Quantum Plasmon Resonance Illuminated
STANFORD, Calif., March 29, 2012 — Plasmon resonance at the nanoscale, the phenomenon responsible for the vibrant hues of stained-glass windows such as those at Notre Dame Cathedral in Paris, can kill cancer cells and has the potential to drive forward quantum optics and bioimaging, new research suggests.
The physical phenomenon of plasmon resonances in small metal particles has been used for centuries, most noticeably in the vibrant hues of the great stained-glass windows of the world. More recently, plasmon resonances have been used by engineers to develop new, light-activated cancer treatments and to enhance light absorption in photovoltaics and photocatalysis.
"The stained-glass windows of Notre Dame Cathedral and Stanford Chapel derive their color from metal nanoparticles embedded in the glass," said Jennifer Dionne, an assistant professor of materials science and engineering at Stanford University. "When the windows are illuminated, the nanoparticles scatter specific colors depending on the particle's size and geometry."
Plasmon resonance is generally understood at the classical level, but, as with so many other physical phenomena, it seems to break down at the quantum level. "For particles smaller than about 10 nanometers in diameter, plasmon resonances are poorly understood," said Jonathan Scholl, a doctoral candidate in Stanford's School of Engineering.

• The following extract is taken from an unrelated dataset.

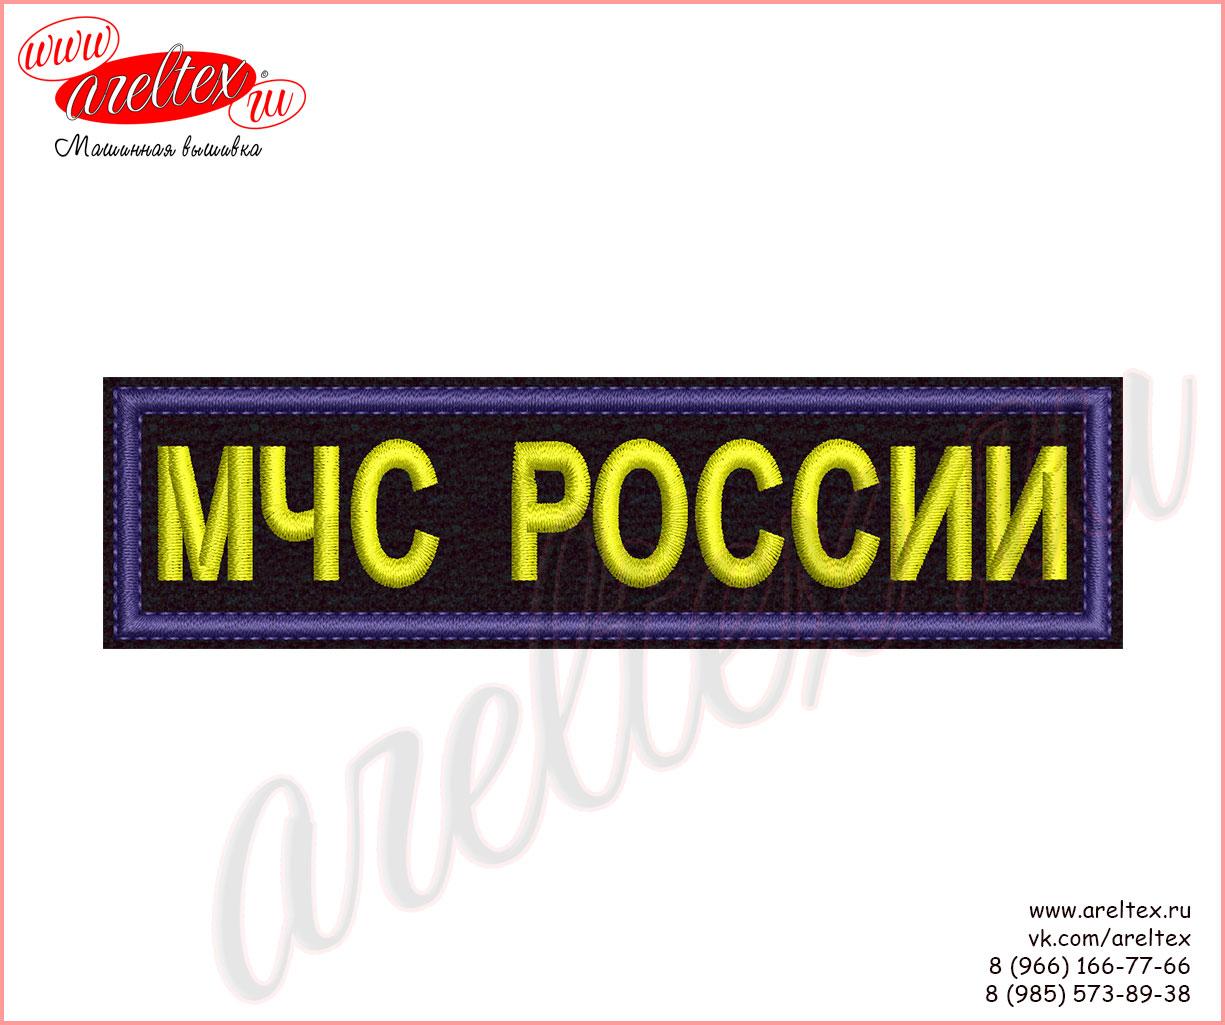 Нагрудная нашивка (шеврон) МЧС России

At the quantum level, metal nanoparticles exhibit unique physical and chemical properties that are not seen in larger amounts of the same material. The geometry of the nanoparticle also affects how it behaves, especially if the nanoparticle is confined. In that case, the effects of quantum confinement take over how a particle responds to electrons and photons.
Plasmon resonance in metal nanoparticles of varying sizes. This experiment is the first to resolve plasmon resonance on 1-nm particles. (Credit: Stanford University)
"Particles at this scale are more sensitive and more reactive than bulk materials," said Dionne,senior author of a paper on the research. "But we haven't been able to take full advantage of their optical and electronic properties without a complete picture of the science."
That complete picture is now available, thanks to the powerful environmental scanning transmission electron microscope (E-STEM), recently installed at Stanford's Center for Nanoscale Science and Engineering. The microscope, along with a technique called electron energy-loss spectroscopy (EELS), allowed the researchers to determine the shape of individual nanoparticles, and to observe plasmon resonance of individual metal particles at the atomic level. For the first time, researchers can directly correlate a nanoparticle’s geometry with its plasmon resonance.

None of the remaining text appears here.